Government to return to European debt market
Mary Grace Padin (The Philippine Star) - January 21, 2020 - 12:00am

MANILA, Philippines — The government has signaled its intention to return to the European debt market, as it seeks to take advantage of lower rates and the expected demand from European investors, according to the Bureau of the Treasury (BTr).

In an interview, National Treasurer Rosalia De Leon said the Treasury has issued an investor call for its planned euro-denominated bond issuance this year.  

“We started the investors call today. We still have to see the market conditions,” De Leon told reporters.

De Leon said the bonds have proposed maturities of three years and nine-years, with the volume initially set at benchmark 500 million euros.

“It’s indicated, benchmark. We still have to get indications of interest of investors after the calls,” she said.
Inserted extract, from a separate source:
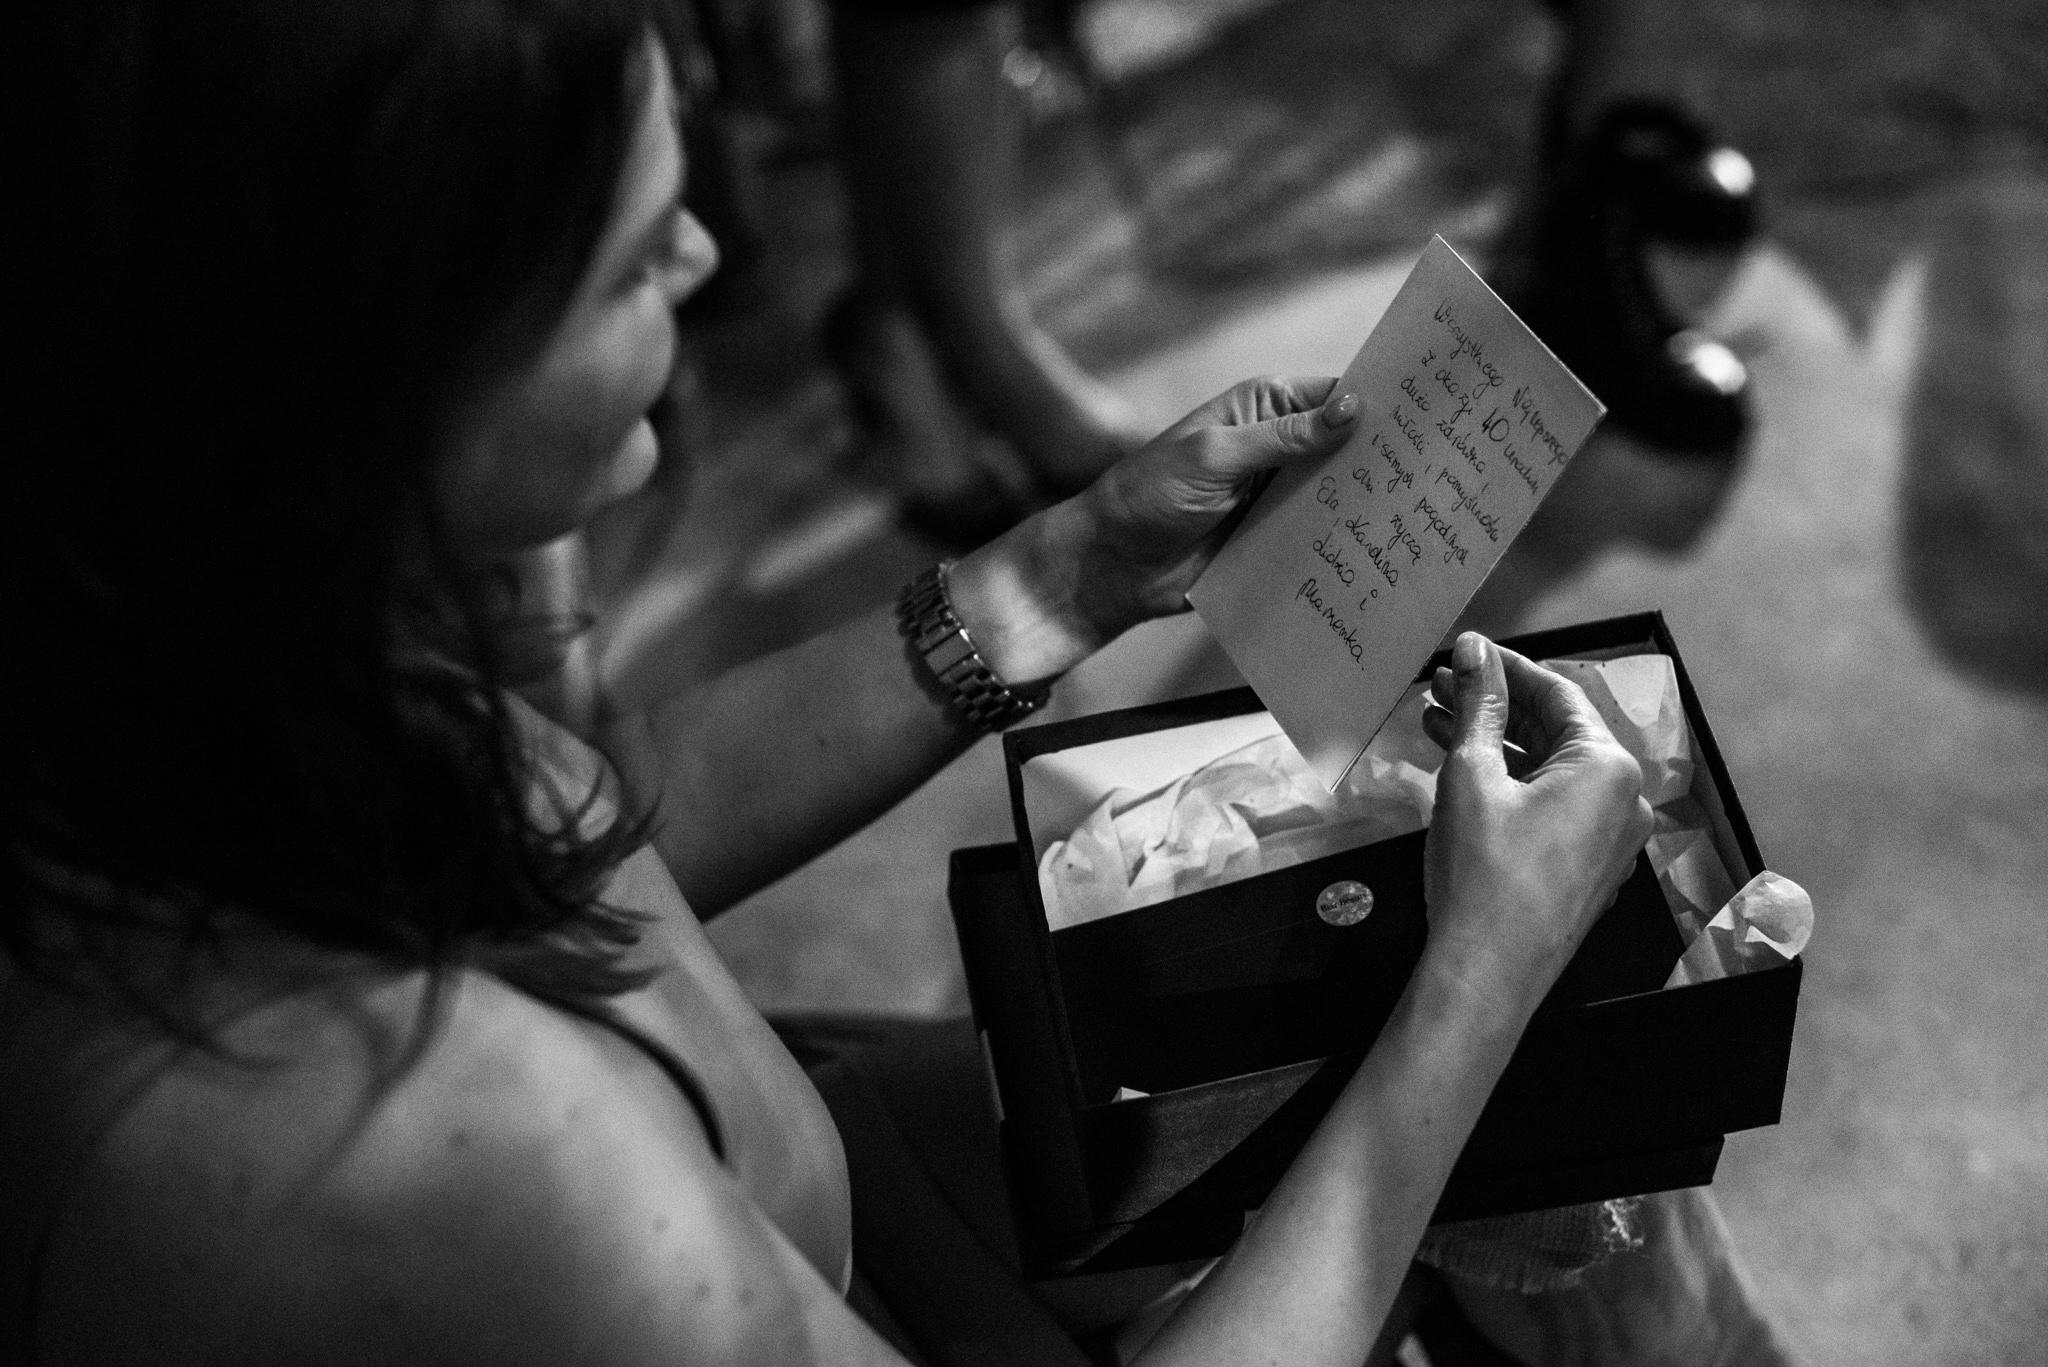 Fotograf na urodziny - czy to ma sens? 21

De Leon said four banks, namely Standard Chartered,UBS, Citibank and Credit Suisse have been mandated for the issuance.

According to the BTr chief, the government decided to return to the euro bond market early this year to take advantage of the low rates.

“You have to look at some strategy and assess market conditions and take advantage of the negative yields also on the Euro area right now,” De Leon said.

Furthermore, she said the government wants to capture spillovers from the robust demand seen during the Philippines’ previous euro bond offering last year.

 “We’ve been opening markets every year in the dollar (bond market), but this time we would want to approach European investors coming from a very strong order book last year. There are still spillovers from there that we’re not able to accept. So we’re coming back for this issue,” she said.

The Philippines last tapped the European debt market in May last year, raising 750 million euros from the issuance of eight-year global bonds. The debt papers were priced at a coupon rate of 0.875 percent, 70 basis points over benchmark.

Meanwhile, De Leon said dollar-denominated securities are still part of the government’s menu for offshore bond issuances this year. Usually, the BTr launches its dollar-bond issuance at the start of every year.

“We still have to see or gauge market conditions. We’re also coming from very successful dollar issuances from our corporates. You’ve seen the likes of SM, San Miguel, and most recently, Jollibee so I think there’s really a very strong investor appetite for Filipino credit, particularly for the corporates,” she said.

Credit watcher S&P Global Ratings has assigned the bonds a “BBB+” long-term foreign currency issue rating.